Firstly an apology to those of you who are subscribers for the alert you recently received about a phantom post. Fat Finger Syndrome again I'm afraid. It's in production but you'll just have to curb your enthusiasm for a while longer. In the meantime here's another little post to keep you going.
In the recent offering on Gorleston's Lifeboat Tavern we got an idea of the effects of the Luftwaffe's visits in 1940 and 1941 on Great Yarmouth's pubs. The Lifeboat narrowly escaped being hit whilst the Waterside Tavern around the corner didn't. I thought that I might produce a series of posts cataloguing some of these losses. This first of these posts deals with the Upper Ferry Inn which used to be found at 50 South Quay
Before we come on to the Upper Ferry, let's first consider the Three Herrings, for that was what the pub was known as in the nineteenth century.
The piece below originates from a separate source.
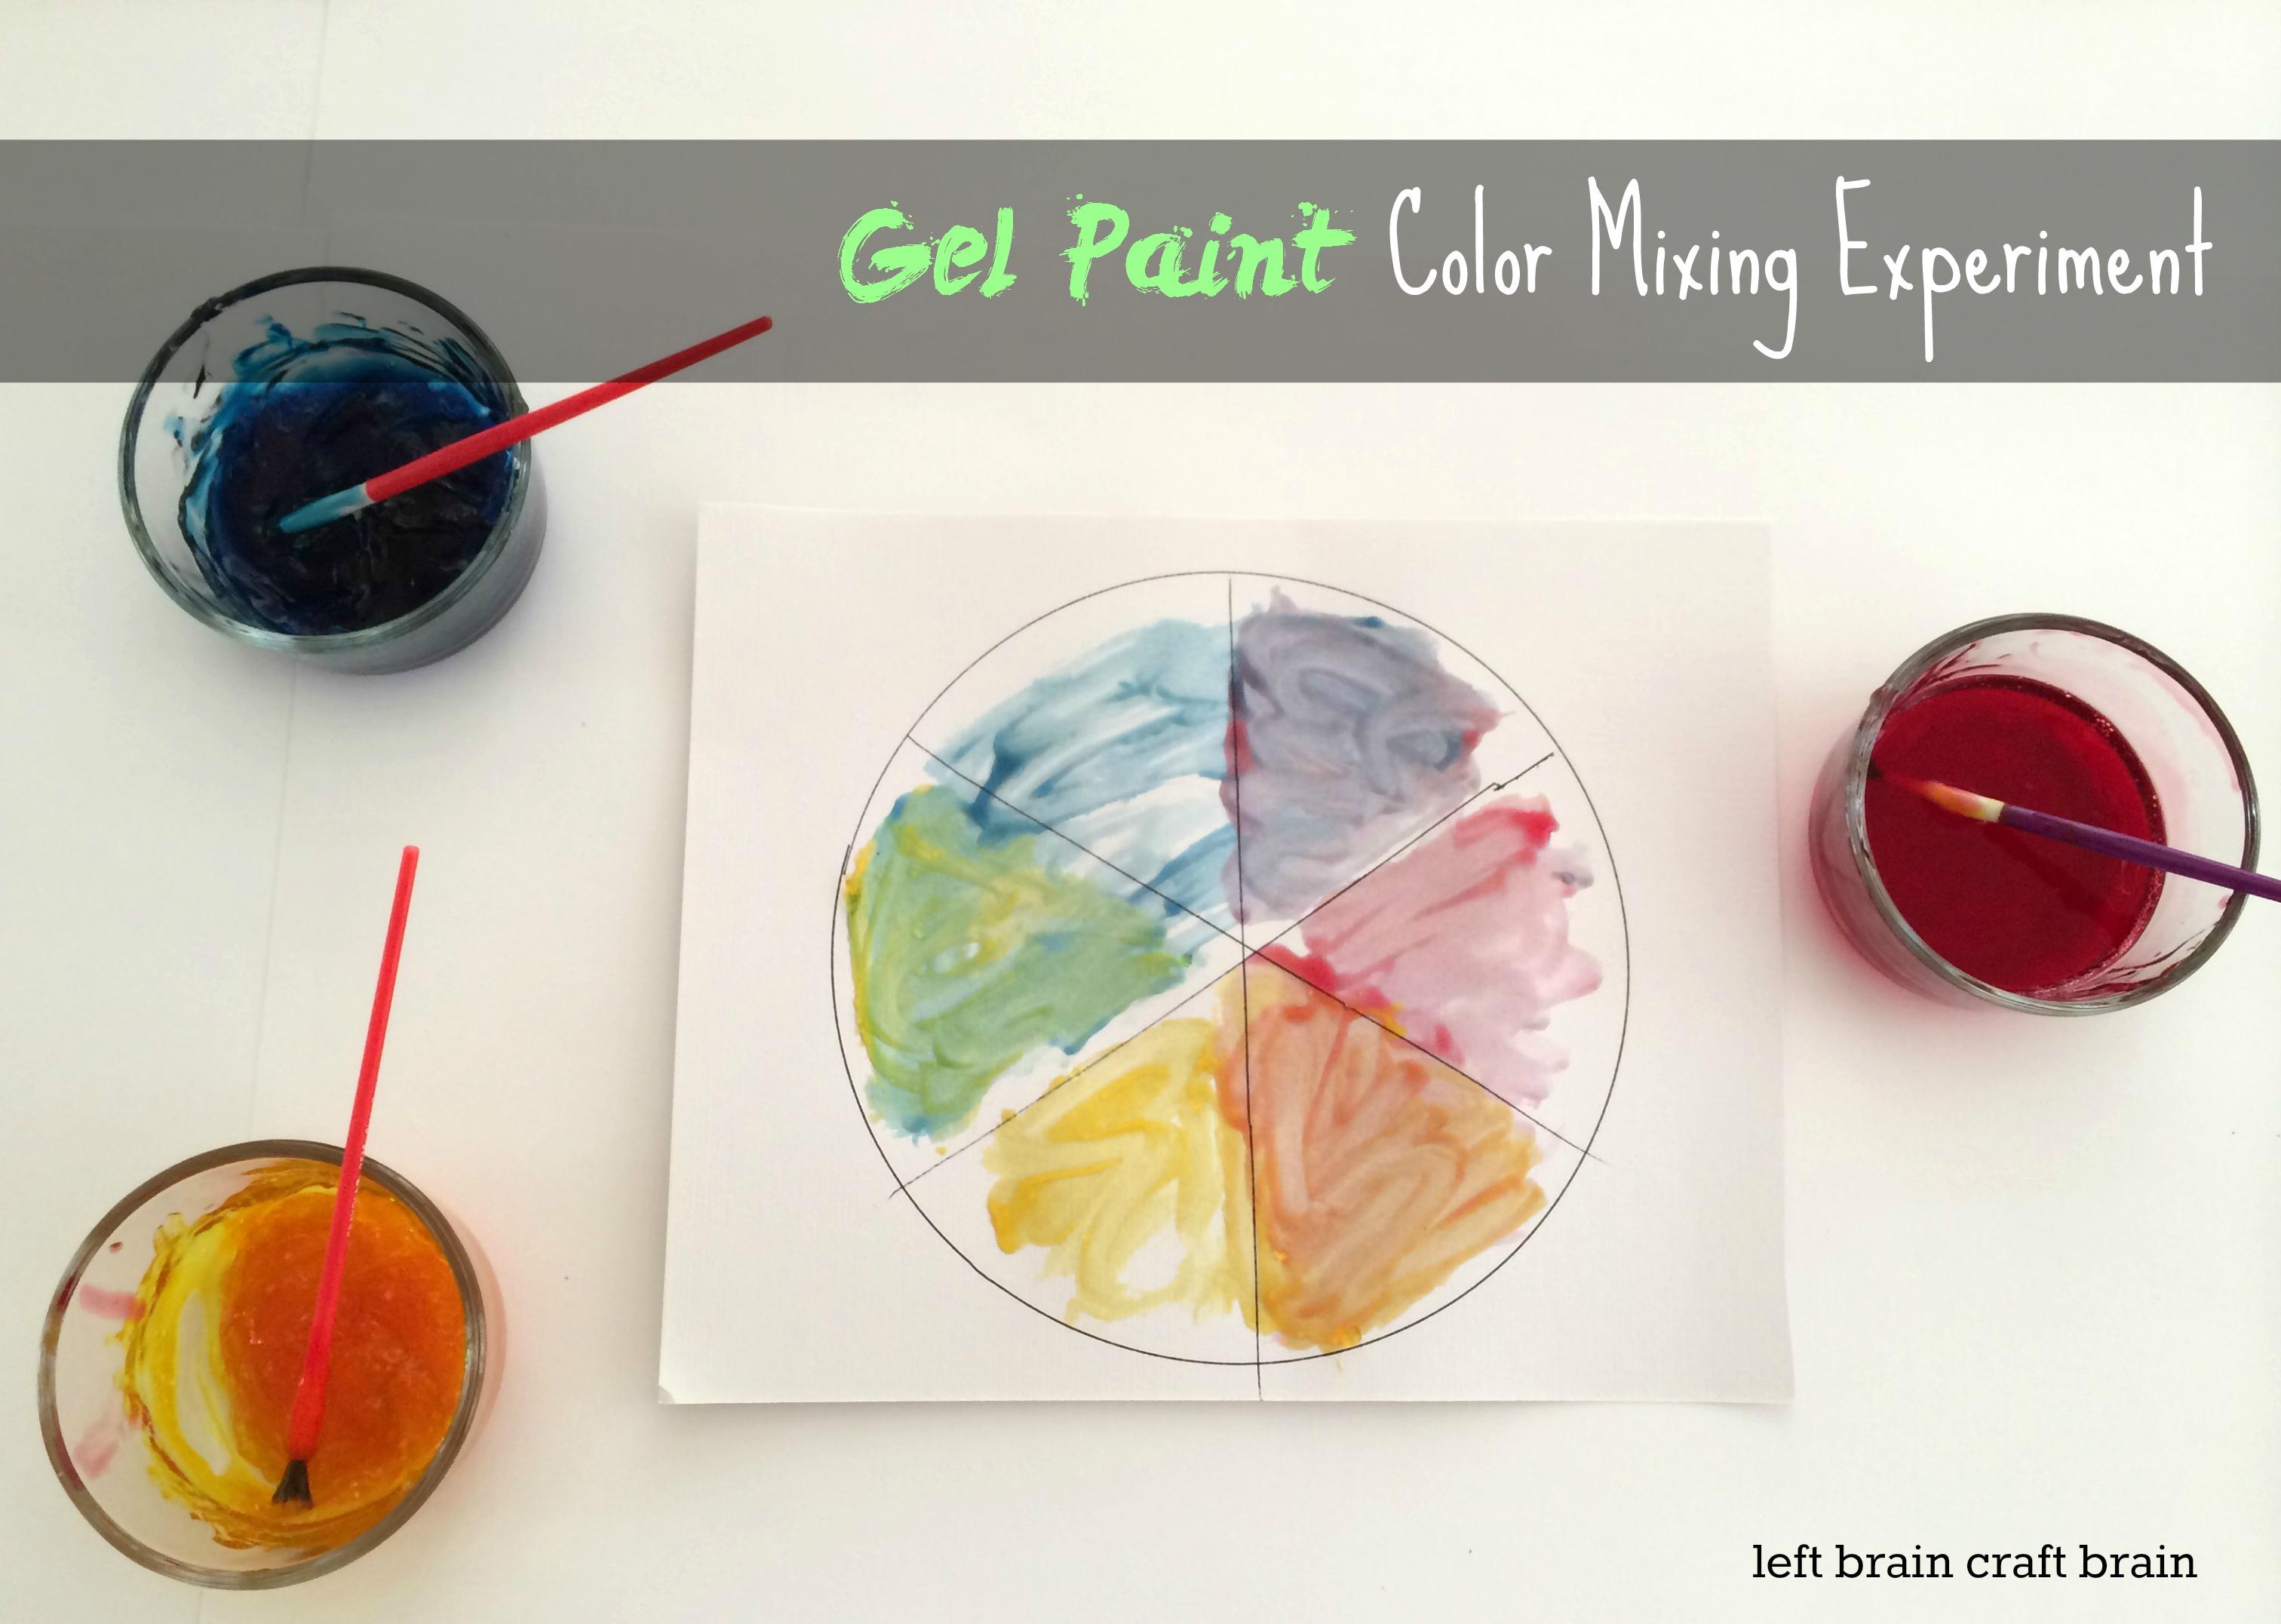 gel paint color mixing experiment left brain craft brain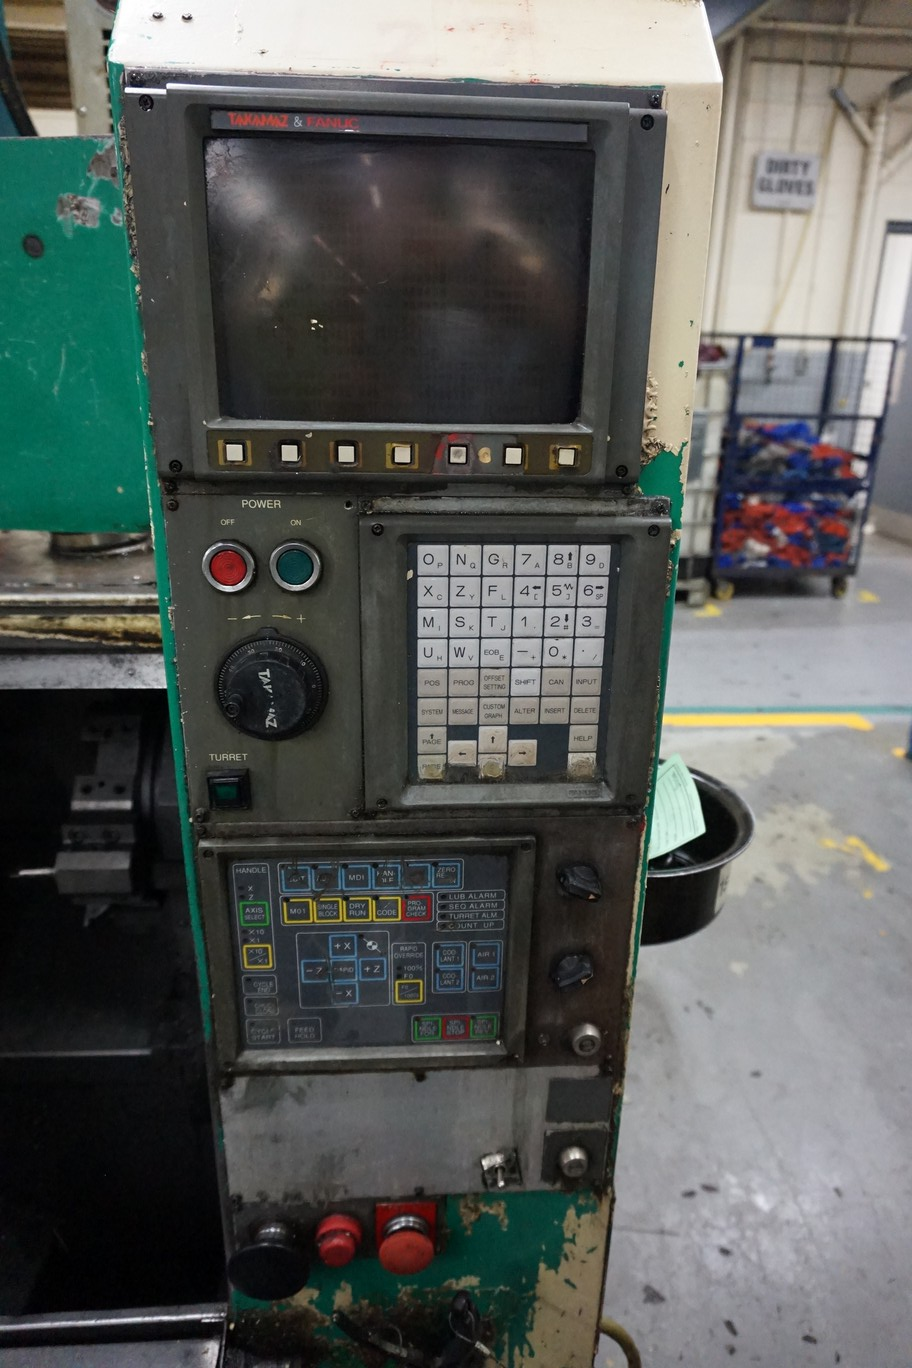 Takamatsu Model X10 CNC Lathe 200/220V c/w Chip Conveyor, Transformer - Image 2 of 5

The inn was housed in a seventeenth century building which sat on South Quay at the south-west corner of Row 136. (If you're unfamiliar with Yarmouth's Rows there is a nice account of them to be found if you click here.) Presumably the pub was named after Yarmouth's original coat of arms which depicted three of said clupeids as charges on an azure escutcheon. It gained the lion bits courtesy of a grateful Edward III after the Battle of Sluys in 1340.
Almost half a millennium after that defeat of the French and Genoese we find that Robert Wilkinson was running the Three Herrings but in all likelihood it was in operation before then...
...and it continued to be known as the Three Herrings until at least 1896 when William Clarke was in residence.
The change of name possibly coincided with a change of landlord which occurred around the turn of the century. The 1901 census shows that William Goate and the Upper Ferry Inn are to be found at 50 South Quay.
William's father-in-law, William Gedge, had been the landlord at the Britannia Tavern and a little later, for a brief period, took over the licence before his son – also William – took over from him. The picture below shows William junior's mother and wife and possibly his son, yet another William.
Its new name was quite appropriate for the pub was situated close to the eastern landing of the River Yare's upper ferry. The pub marked at the bottom centre of the map extract was the original Anson Arms which we've previously met here.
William and wife Annie remained in the pub until well into the 1930s but had retired by the time that war broke out. In 1942 the pub was requisitioned by the War Department. It's unlikely that this made it any more of a target but it didn't offer any protection from the Luftwaffe's attention either with the building failing to escape damage when the Wehrmacht's winged warriors visited the town.
The war-damaged Upper Ferry, along with its neighbours, came down as part of the town's post-war regeneration and the site is now occupied by blocks of flats and maisonettes.
The Ordnance Survey extract is reproduced with the permission of the National Library of Scotland under this licence.